Simply put, mortgage rates tend to do well when economic conditions are poor, or if there’s uncertainty in the air.

The same is true if the Fed is manipulating the market by agreeing to buy billions of mortgage bonds to keep rates cheap.

This powerful combination has led to the lowest mortgage rates on record – and with a lot of drama left to come this year, we could see even cheaper mortgage rates.

As mortgage rate watcher Matthew Graham recently pointed out, there’s a 2.25% mortgage bond coupon that was introduced in April of this year.

The mere fact that it exists means interest rates on the 30-year fixed could move as low as 2.25% at some point.

That’s essentially the start of the conversation, the real possibility that it could happen, as opposed to just throwing out arbitrary numbers.

It’s there and waiting for more turmoil in the financial markets. If it comes, we may indeed see a 30-year fixed priced just above 2%, which would be unheard of.
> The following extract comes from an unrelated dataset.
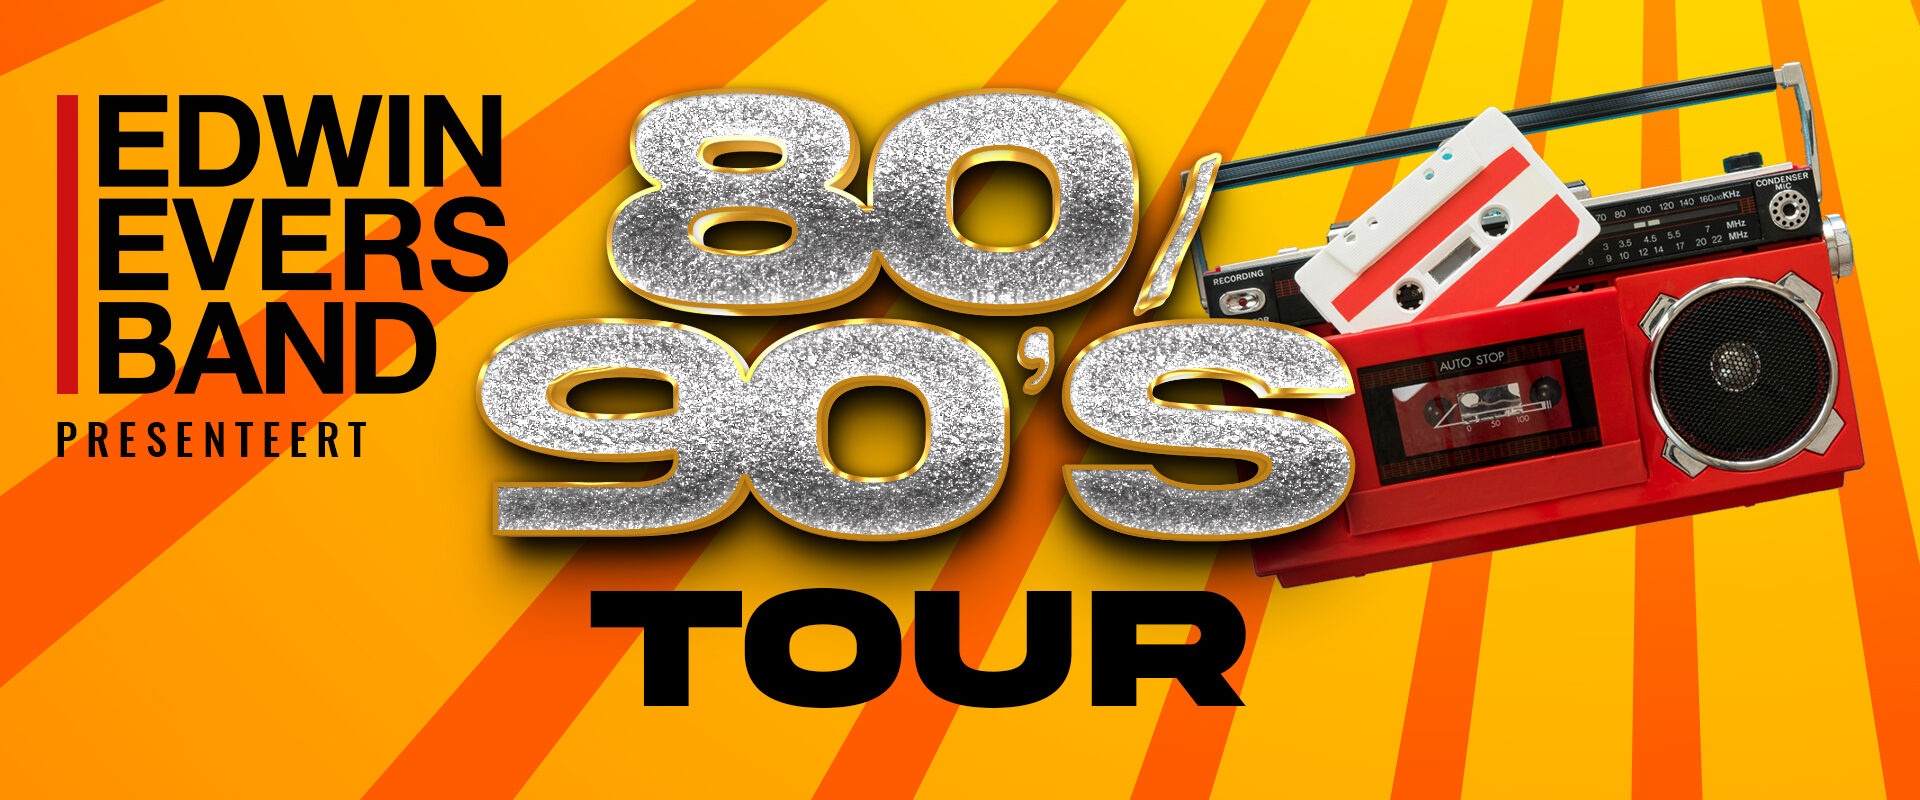 Edwin Evers Band 80’s & 90’s TOUR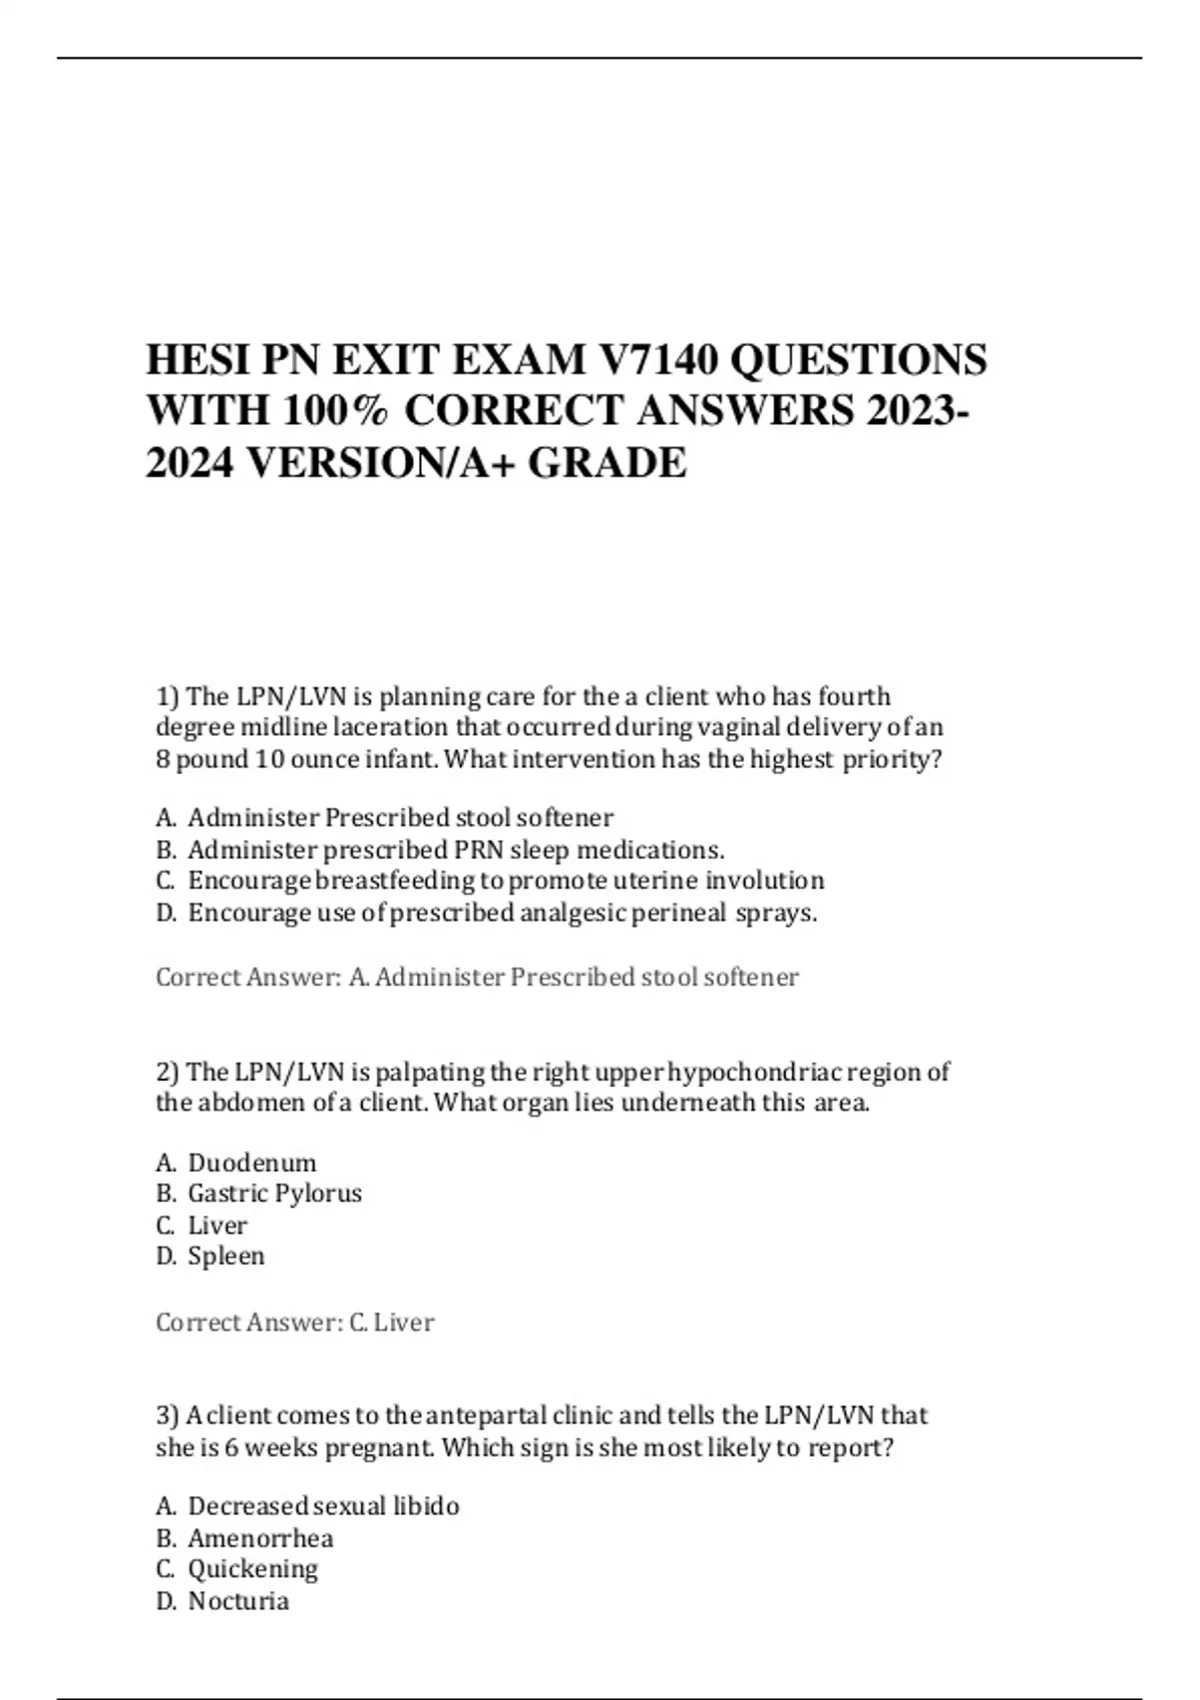 HESI PN EXIT EXAM V7140 QUESTIONS WITH 100 CORRECT ANSWERS VERSION/A+

This may also explain why some lenders have already introduced 2.5% 30-year fixed mortgage rates. They know there’s a market for it.

At the same time, it would mean the millions of homeowners who purchased a home or refinanced a mortgage with an interest rate closer to 3% would have to pick up the phone and refi again.

That’d be more good news for lenders and loan officers, but could also lead to frustration from borrowers who repeatedly need to refinance.

It also calls into question the idea of paying points, or even closing costs, when taking out a mortgage these days, assuming your home loan only lasts months as opposed to years.